If your life's ambition is to become very, very rich, consider getting into the business of producing endohedral fullerenes - the world's most expensive material. 

Scientists at Oxford University in the UK announced that a spin-off lab called Designer Carbon Materials is now producing endohedral fullerenes, and they recently sold off their first sample of the material to the tune of $US32,000 for 200 micrograms (1 microgram = one-millionth of a gram), which is about one-fifteenth the weight of a snowflake, or one-third the weight of a human hair.

First discovered in 1985, endohedral fullerenes are spherical carbon nanostructures that consist of a sturdy fullerene cage made from 60 carbon atoms, inside which the atoms of non-metals or simple molecules, such as nitrogen, phosphorus, and helium, are trapped.

These things aren't just outrageously expensive curiosities - when they contain nitrogen atoms, they actually have the potential to change how we keep time, because of their extra long electron spin lifetime.

Scientists are now investigating the possibility of using them in atomic clocks - the most accurate time-keeping systems in the world - and the Oxford team expects that in the future, they could be used to make all kinds of devices more accurate than ever.

This is because endohedral fullerenes have the potential to downsize atomic clocks from the size of a cabinet to a microchip, so we could install them in our phones or integrate them with our GPS devices, for example. 

If we can figure out how to do that, says Doug Bolton at The Independent, we could have GPS devices that are accurate to within 1 millimetre. That's pretty mind-blowing, when you consider that current GPS devices are accurate to around 1 to 5 metres.

"At the moment, atomic clocks are room-sized. This endohedral fullerene would make it work on a chip that could go into your mobile phone," Lucius Cary, director of the Oxford Technology SEIS fund - which holds a minor stake in Designer Carbon Materials - told Rebecca Burn-Callander at The Telegraph.

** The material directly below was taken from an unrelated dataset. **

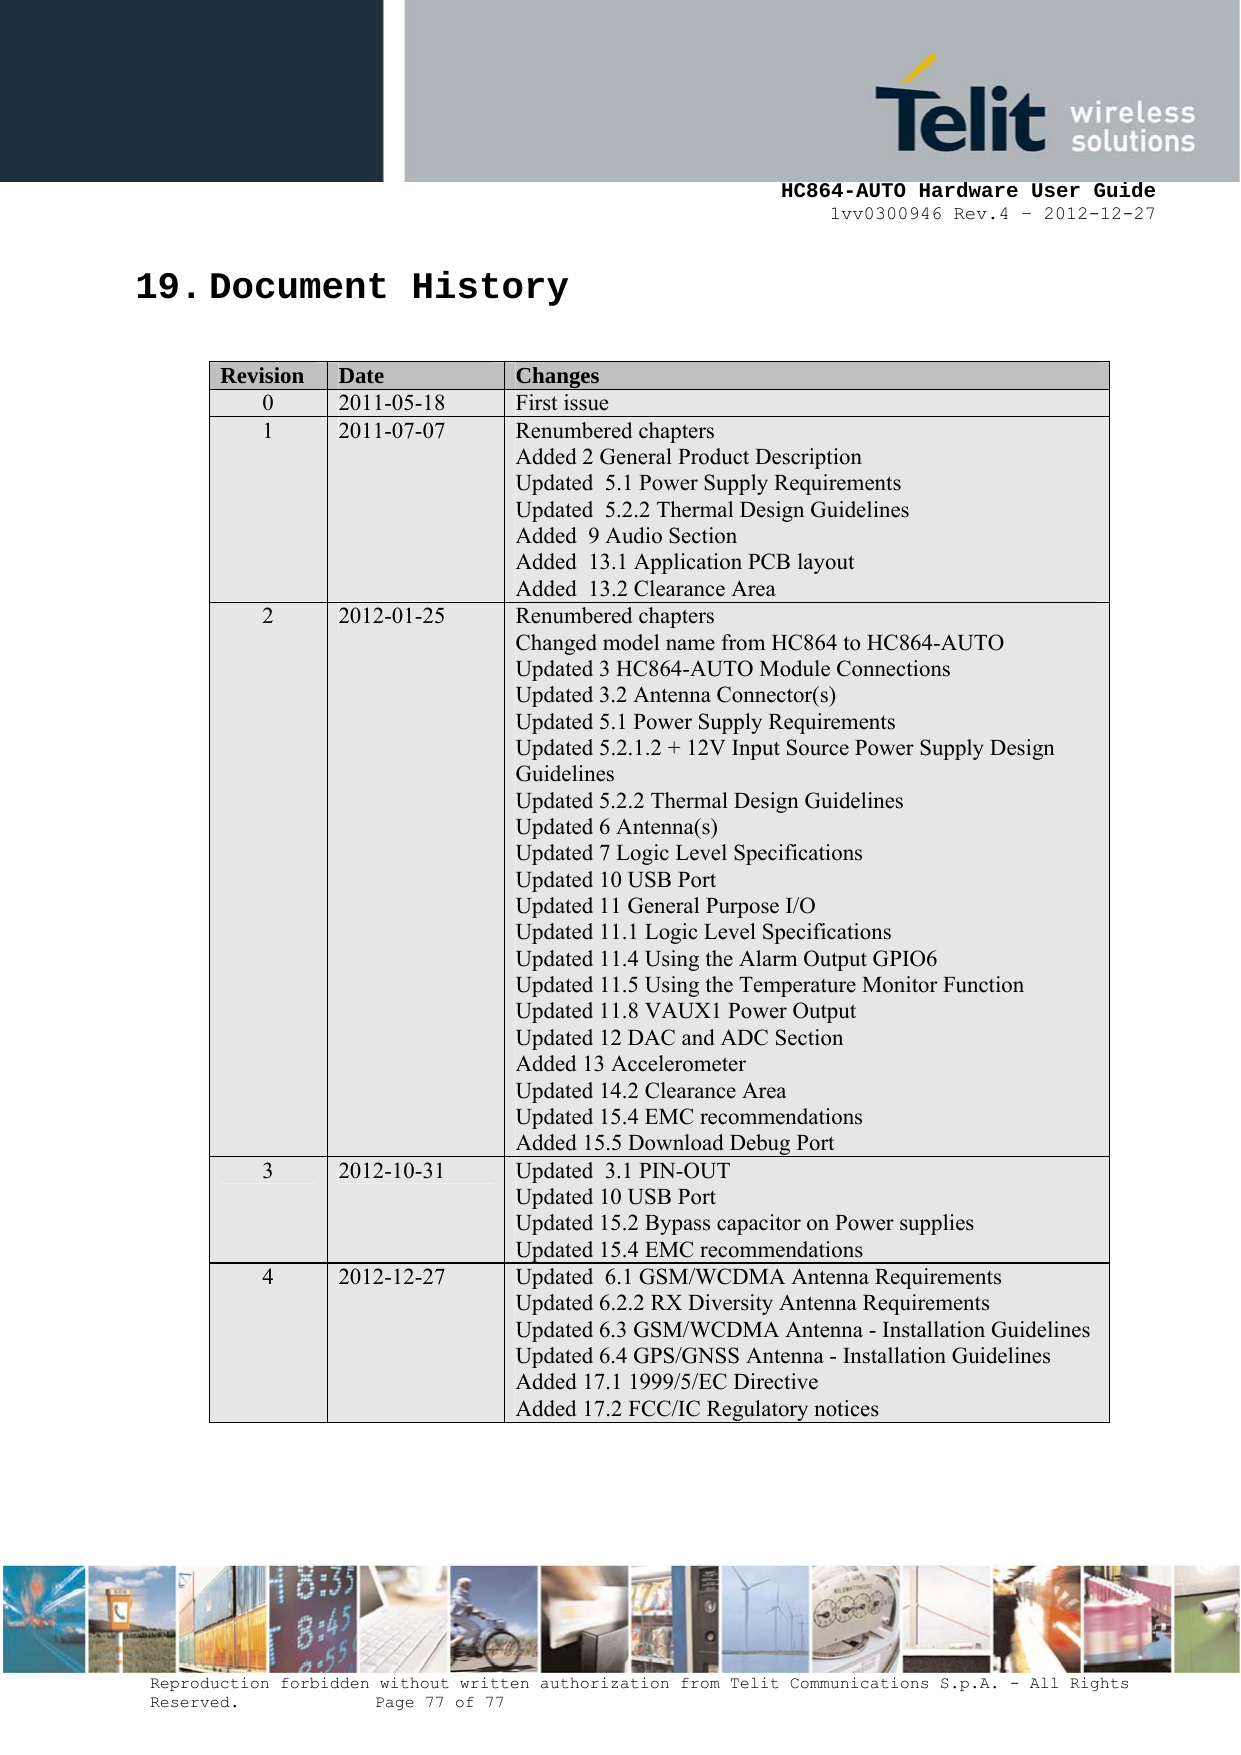     HC864-AUTO Hardware User Guide 1vv0300946 Rev.4 – 2012-12-27 Reproduction forbidden without written authorization from Telit Communications S.p.A. - All Rights Reserved.    Page 77 of 77  19. Document History  Revision  Date  Changes 0  2011-05-18  First issue  1  2011-07-07  Renumbered chapters Added 2 General Product Description Updated  5.1 Power Supply Requirements Updated  5.2.2 Thermal Design Guidelines Added  9 Audio Section Added  13.1 Application PCB layout Added  13.2 Clearance Area 2  2012-01-25  Renumbered chapters Changed model name from HC864 to HC864-AUTO Updated 3 HC864-AUTO Module Connections Updated 3.2 Antenna Connector(s) Updated 5.1 Power Supply Requirements Updated 5.2.1.2 + 12V Input Source Power Supply Design Guidelines Updated 5.2.2 Thermal Design Guidelines Updated 6 Antenna(s) Updated 7 Logic Level Specifications Updated 10 USB Port Updated 11 General Purpose I/O Updated 11.1 Logic Level Specifications Updated 11.4 Using the Alarm Output GPIO6 Updated 11.5 Using the Temperature Monitor Function Updated 11.8 VAUX1 Power Output Updated 12 DAC and ADC Section Added 13 Accelerometer Updated 14.2 Clearance Area Updated 15.4 EMC recommendations Added 15.5 Download Debug Port 3  2012-10-31  Updated  3.1 PIN-OUT Updated 10 USB Port Updated 15.2 Bypass capacitor on Power supplies Updated 15.4 EMC recommendations 4  2012-12-27  Updated  6.1 GSM/WCDMA Antenna Requirements Updated 6.2.2 RX Diversity Antenna Requirements Updated 6.3 GSM/WCDMA Antenna - Installation Guidelines Updated 6.4 GPS/GNSS Antenna - Installation Guidelines Added 17.1 1999/5/EC Directive Added 17.2 FCC/IC Regulatory notices

"There will be lots of applications for this technology," he added. "The most obvious is in controlling autonomous vehicles. If two cars are coming towards each other on a country lane, knowing where they are to within 2 metres is not enough, but to 1 mm it is enough."

The only other material on Earth that could rival the astronomical cost of endohedral fullerenes is antimatter, which NASA estimates would cost about US$61 trillion per gram, but no one's in the business of producing antimatter to sell off commercially just yet.

We're still several years away from mini atomic clocks going into our portable devices, but Designer Carbon Materials founder, Kyriakos Porfyrakis, told Andrii Degeler at Ars Technica that the consortium of UK and US researchers that bought their first sample of endohedral fullerene is on the case.